Russia restarted the flow of oil through its main oil export pipeline this morning after Belarus dropped an oil transit duty imposed last week and agreed to return oil Moscow said it had taken illegally.
"Belarus has fully returned 79,000 tonnes of oil. Transneft started to pump oil in the direction of Belarus. The Druzhba pipeline is working normally," the vice-president of Russian pipeline monopoly Transneft, said.
Russia, the world's second biggest oil exporter, had closed the Druzhba ("Friendship") pipeline, its largest single oil export route, for more than 60 hours, cutting European Union oil supplies by around 1.5 million barrels of oil per day.
The shutdown marked the climax of a trade dispute in which Moscow doubled gas export prices to Belarus at the New Year and imposed a crippling crude oil export duty equivalent to 10 per cent of the gross domestic product of its western neighbour.

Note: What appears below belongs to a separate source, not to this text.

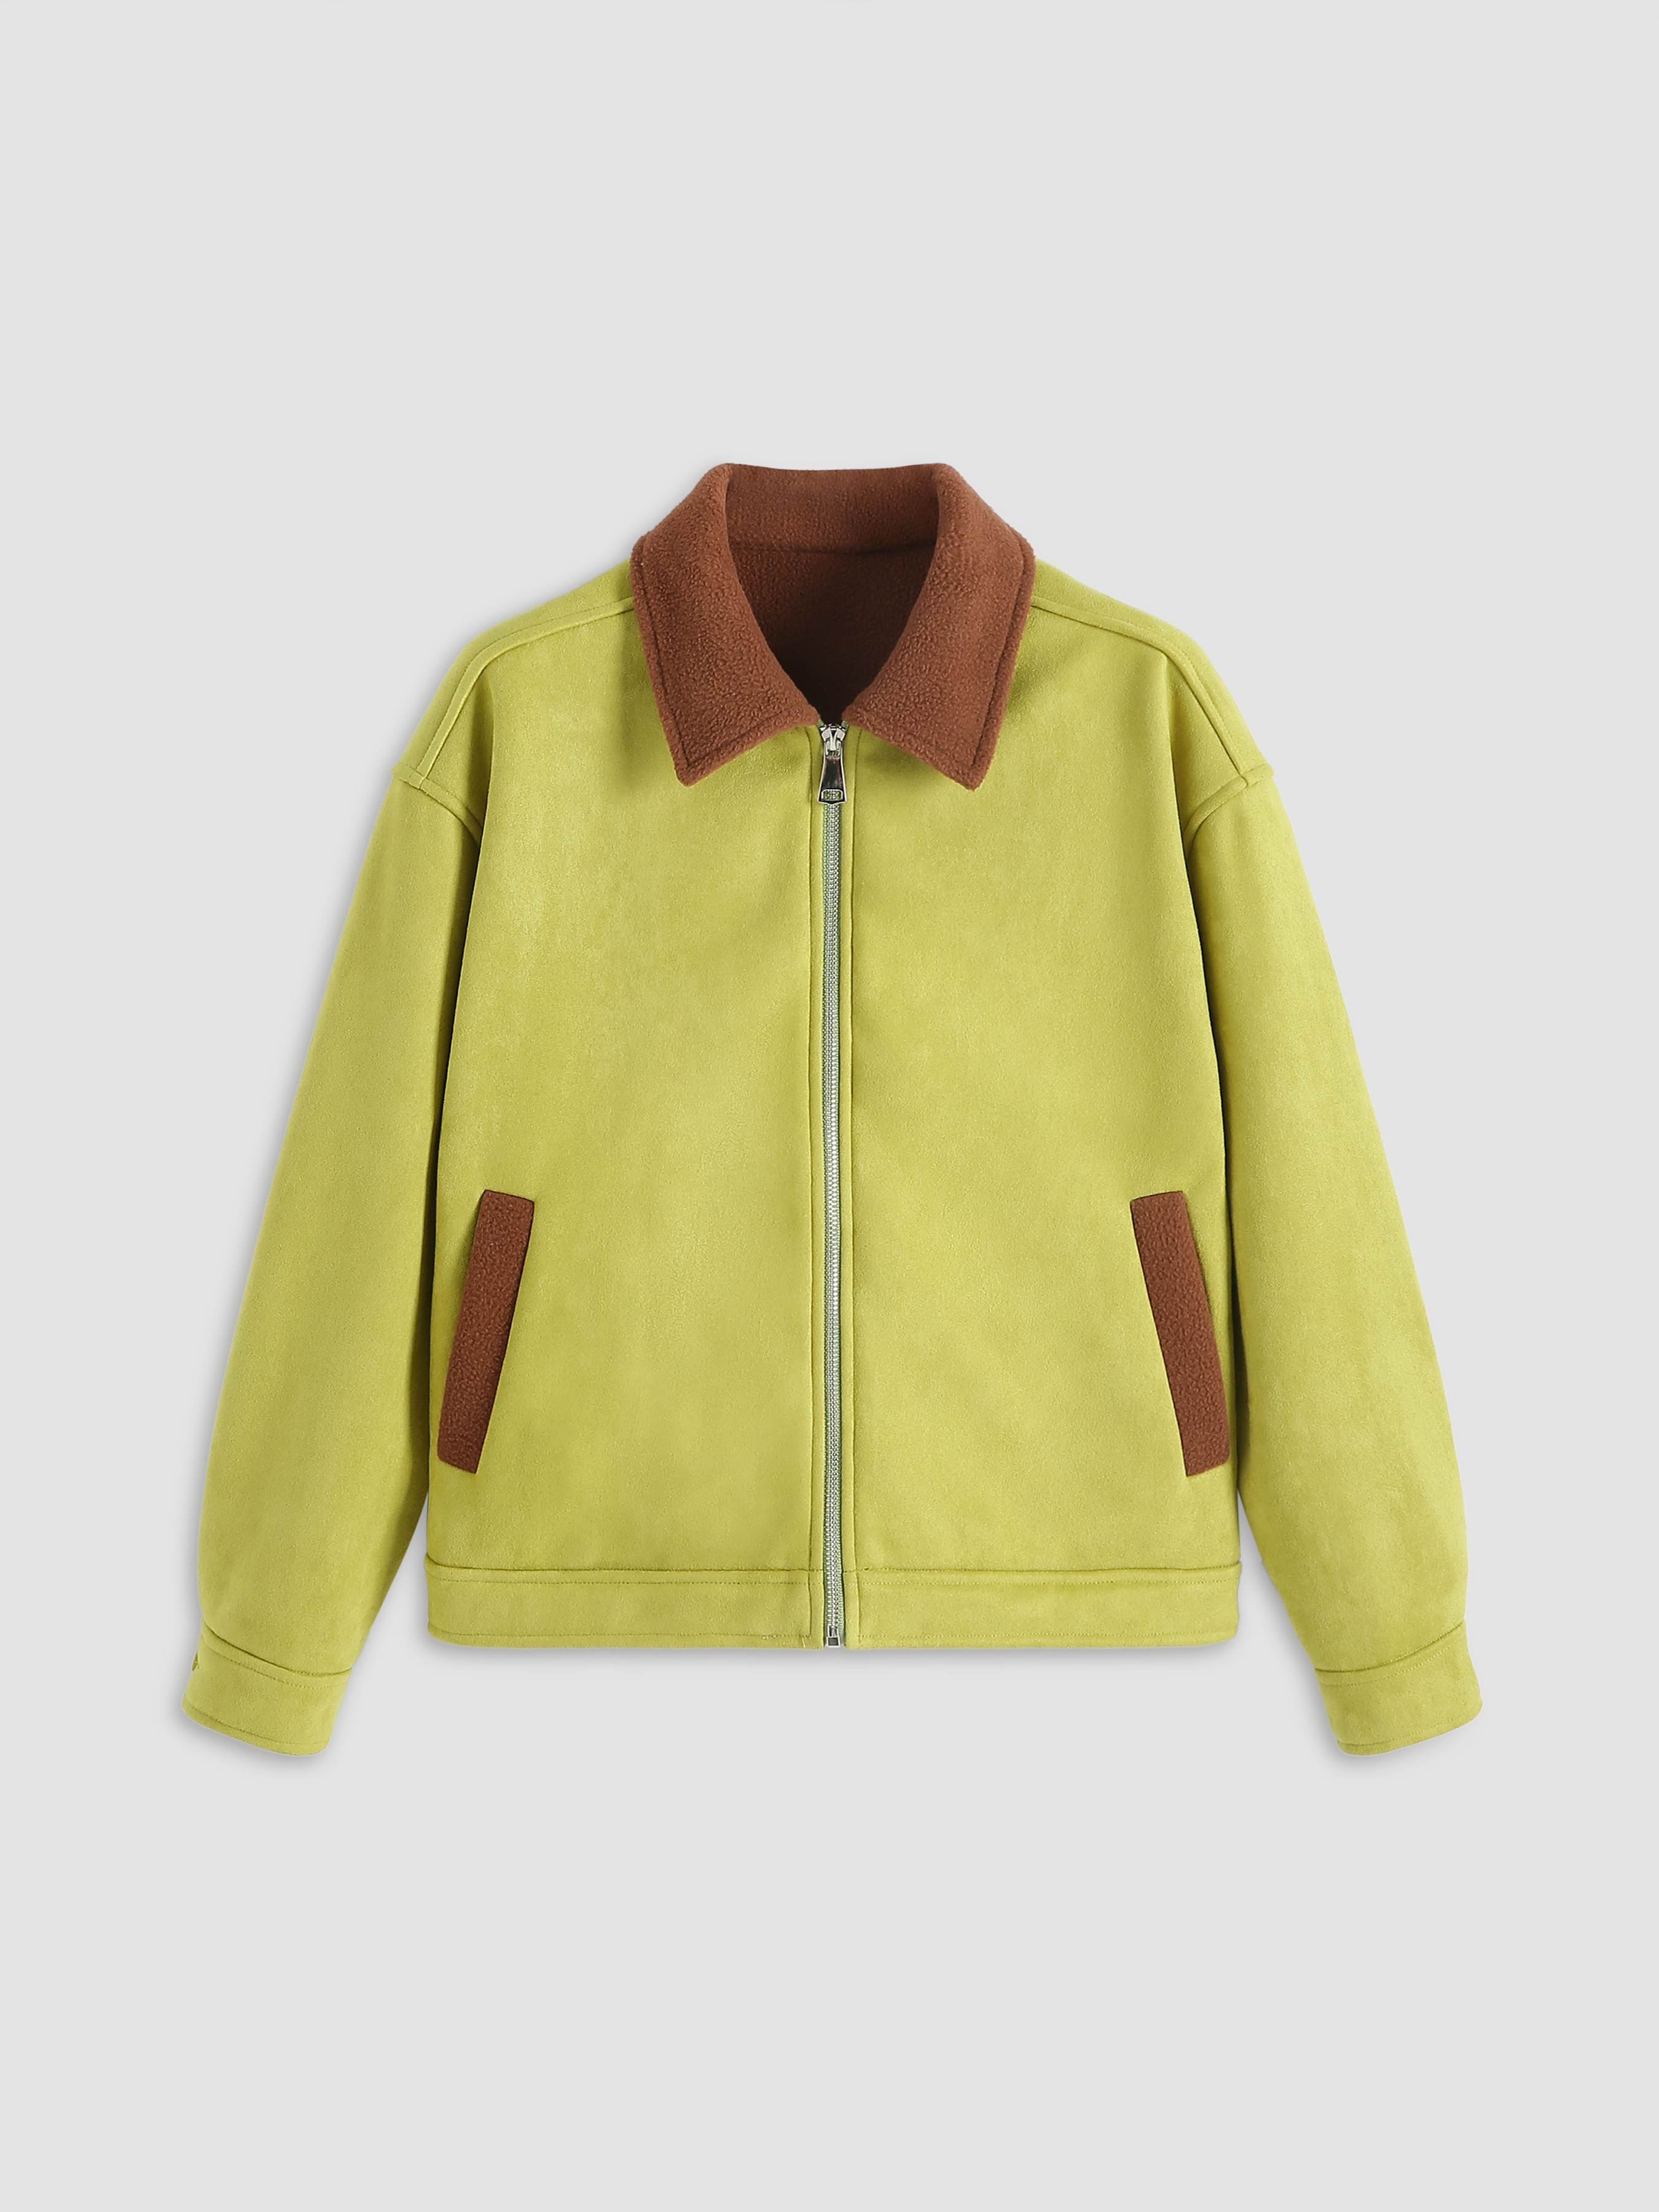 Teddy Patchy Zip Up Jacket - Cider

Belarus, once Moscow's most loyal ally, responded by slapping the oil transit duty of $45 per tonne on Russian oil piped across its territory, effective from January 1st.
Transneft said it shut the pipeline when Belarus began siphoning off oil to take payment of the levy in kind, and only agreed to restart the pumps after the missing oil was returned.
Belarussian Prime Minister Sergei Sidorsky will hold talks with Russian counterpart Mikhail Fradkov today. Mr Sidorsky said yesterday he expected Russia to lift its own trade restrictions on Belarus.